Knowing only his first name and his birthday, she sent off an ancestry saliva test. She said: “I’m surprised the FBI don’t want me to work for them. I can tell you the name of every person who played at that Fleadh.”
Finally she got a match, linking her to an uncle called Michael Bray. She said: “I went on his , found out he had a brother, Todd, and I got his phone number.”
That man was Todd Bray McCune. But when she called, she says a lady told her: “I think you have the wrong number, we were married a long time, and did not have any children.”
But Danielle revealed: “Then Todd came on the phone. I tried to stay calm and told him the story – and he finished it off for me.

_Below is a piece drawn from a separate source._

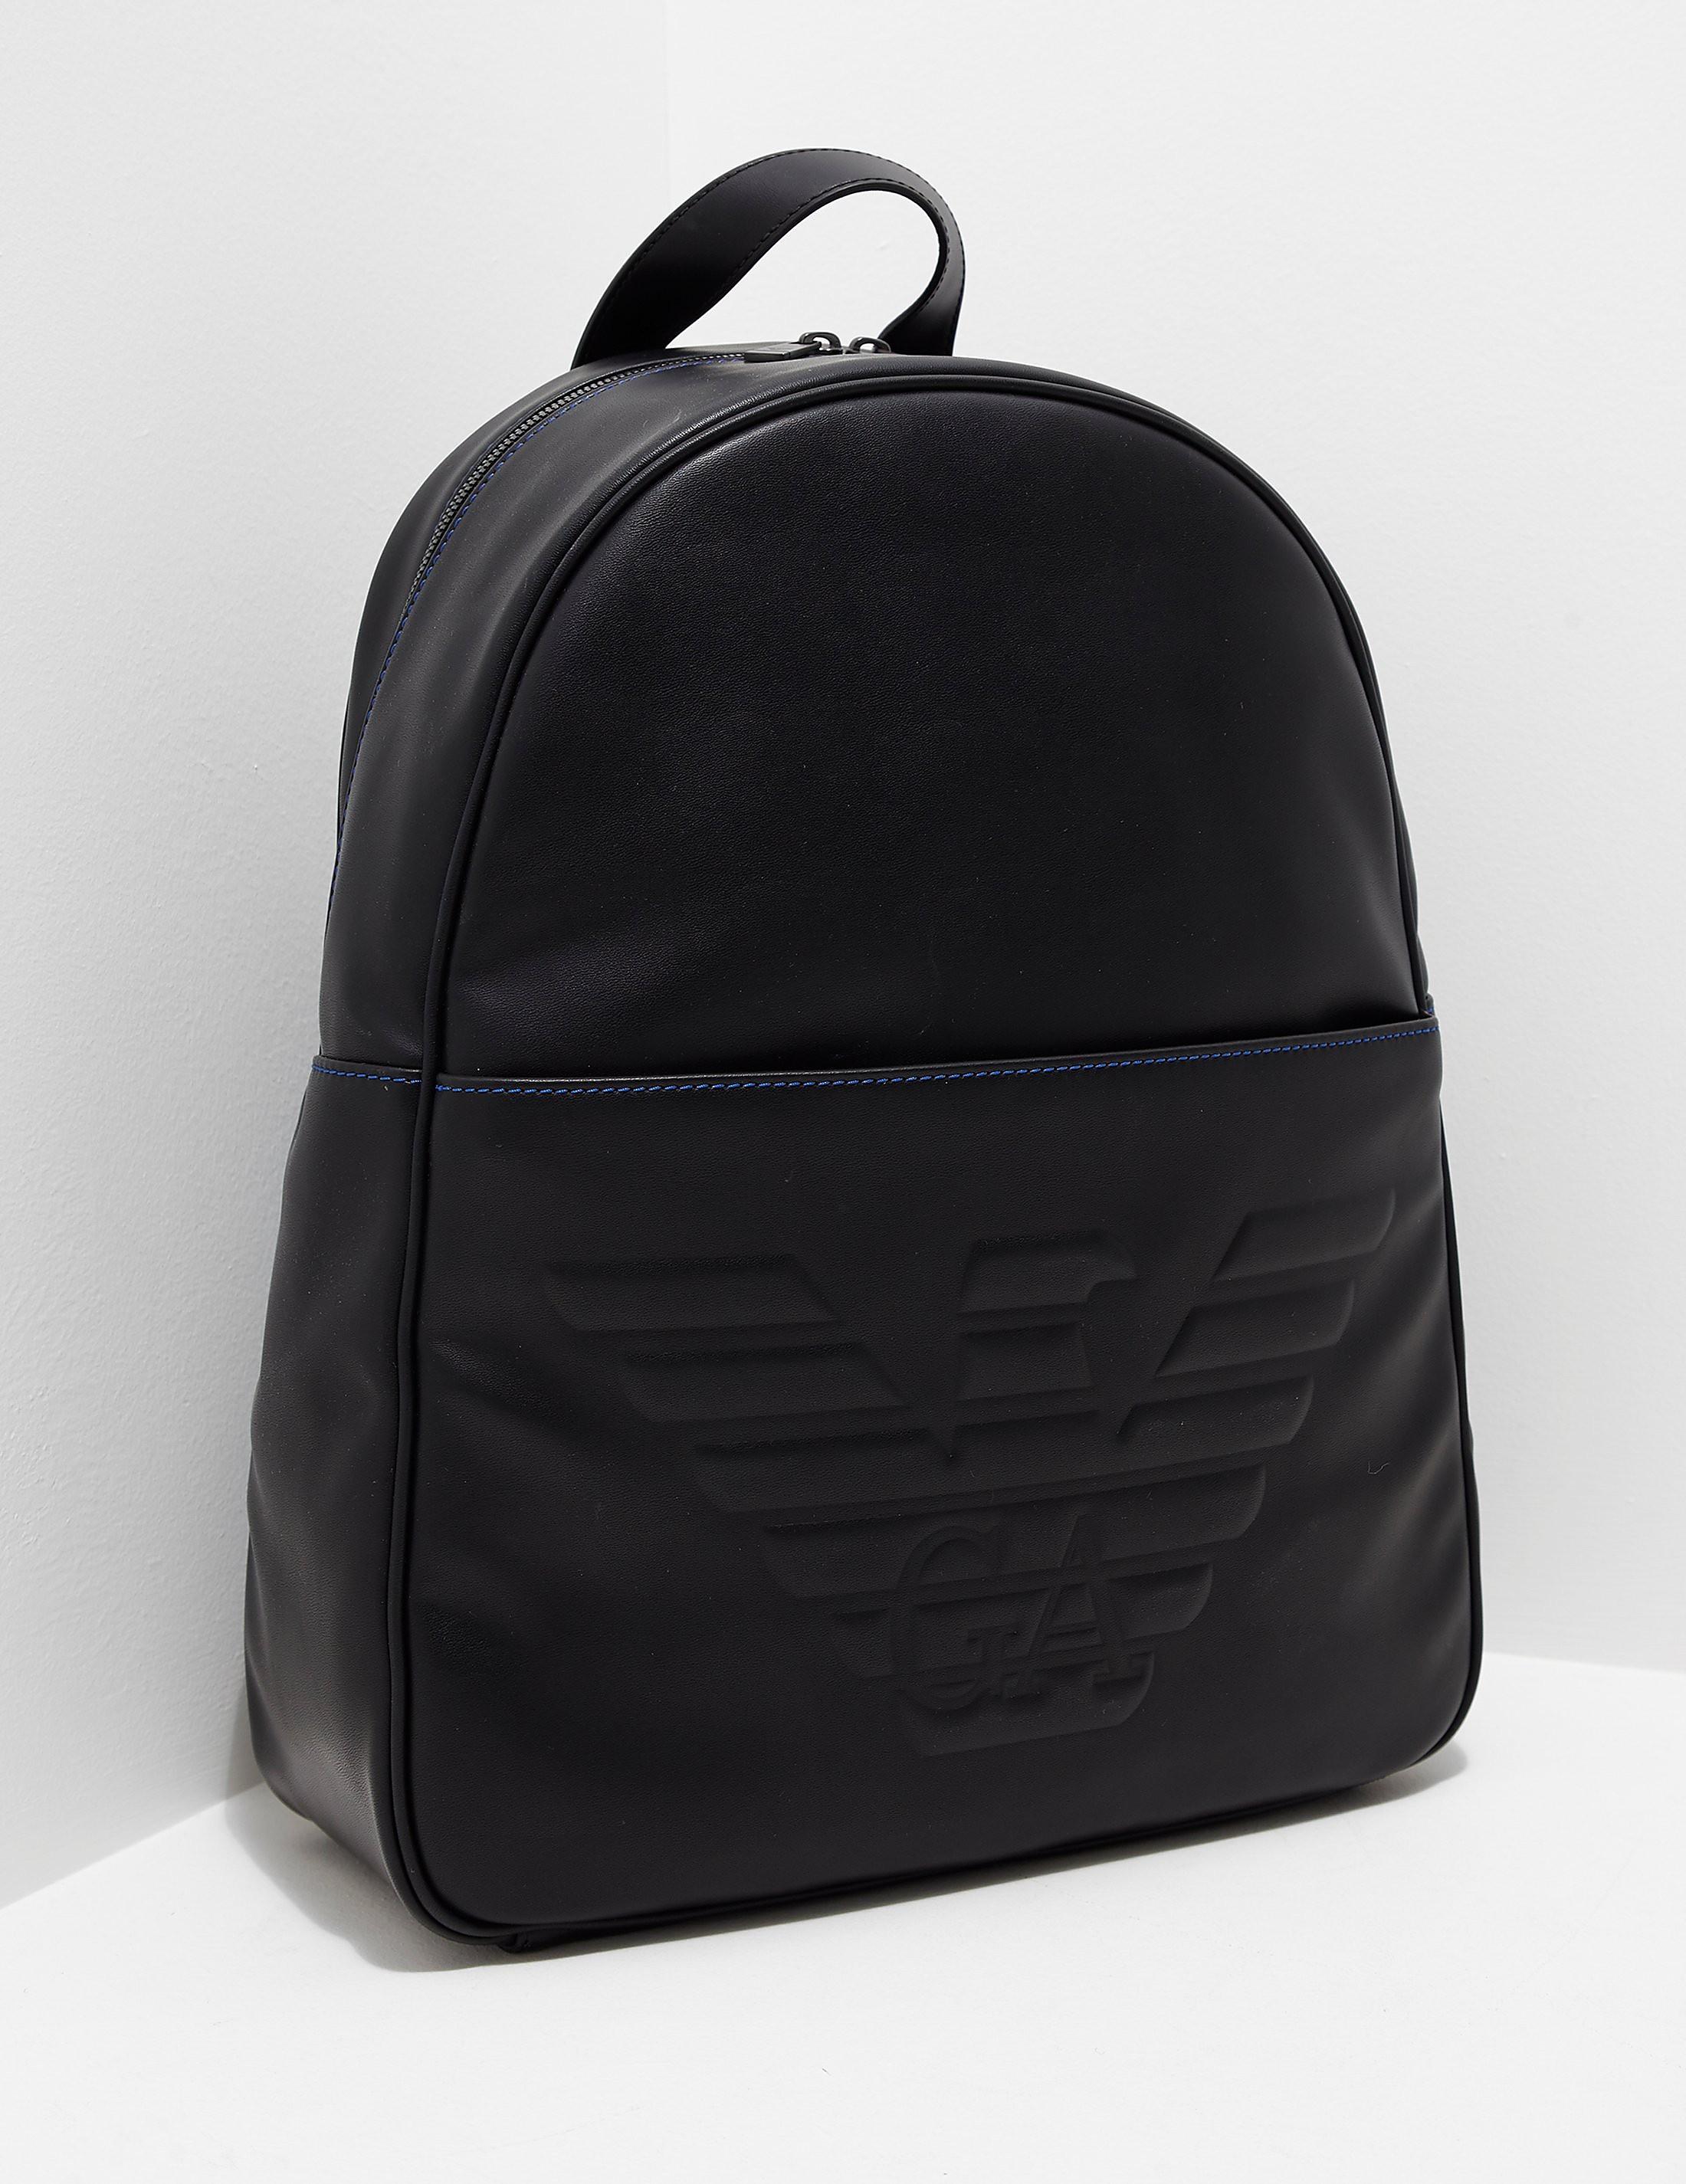 Armani Jeans Eagle Backpack
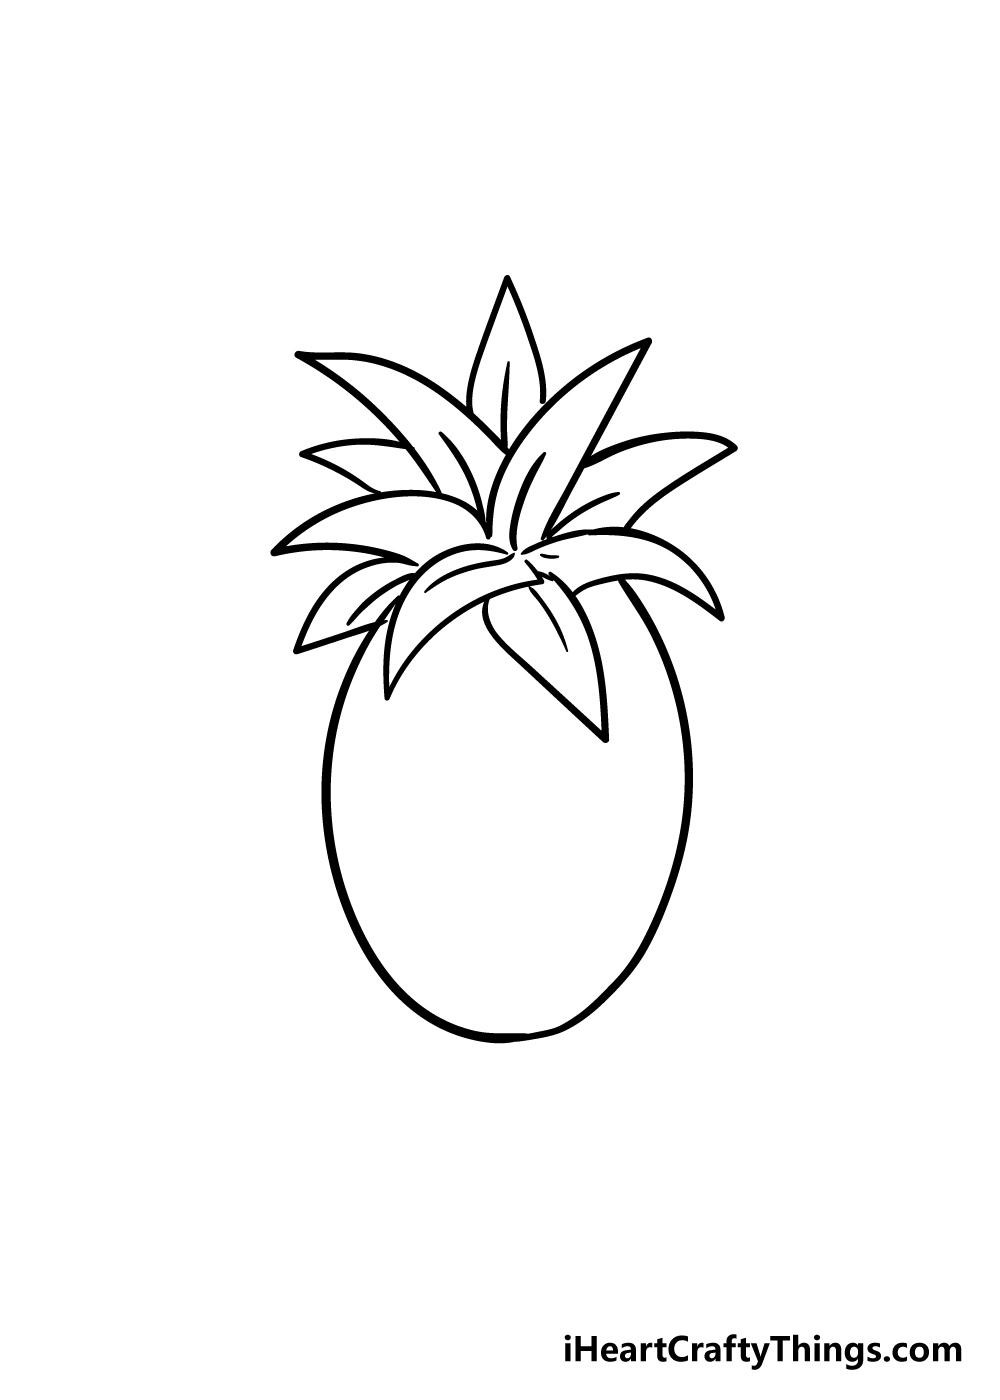 pineapple drawing step 6

He had told the story to his wife many times about the girl he had lost his virginity to.
“He was 15 or 16 but had told her he was 18. We chatted for 20 minutes, and he asked, ‘Can you call me tomorrow so we can talk more?’ And he added, ‘I was a bit wild then, so you might have another sibling in Cork!’ ”
She said Todd told her more in a one-hour call than her family ever had, telling how he had met her mum and spent the weekend with her.
He had not returned to the US immediately as her mum had thought, but had stayed living in Cork. She said: “He’d been born in California and moved to Ireland at 12 with his sea captain dad and his mum, Peggy. Some of his family stayed in Ireland and still live there now, but Todd went back home when he was 18.”
He landed an art department job in Hollywood, working on films for Robin Williams, among others. But when she finally met him and his wife Alida in San Francisco, she realised his health was fading. Danielle said: “He was only 59 but he had congenital heart disease. When I left he said ‘thank you’ and gave me a big hug. I kissed his forehead and promised I’d come back.”
But although they spoke on email, and Todd made plans to send her a ticket to visit again, he died in the early hours of July 29, 2019. Yet in all the joy and the sadness, the irony of having an American father has not been lost on Danielle.
She said: “I’ve paid over $30k in processing fees for my 01B visa and also my Green Card – which were both awarded for “exceptional talent – and can apply for US citizenship in four years and nine months.
“But I guess the joke’s on me. Had my parents been honest, I could have had my US passport from birth.”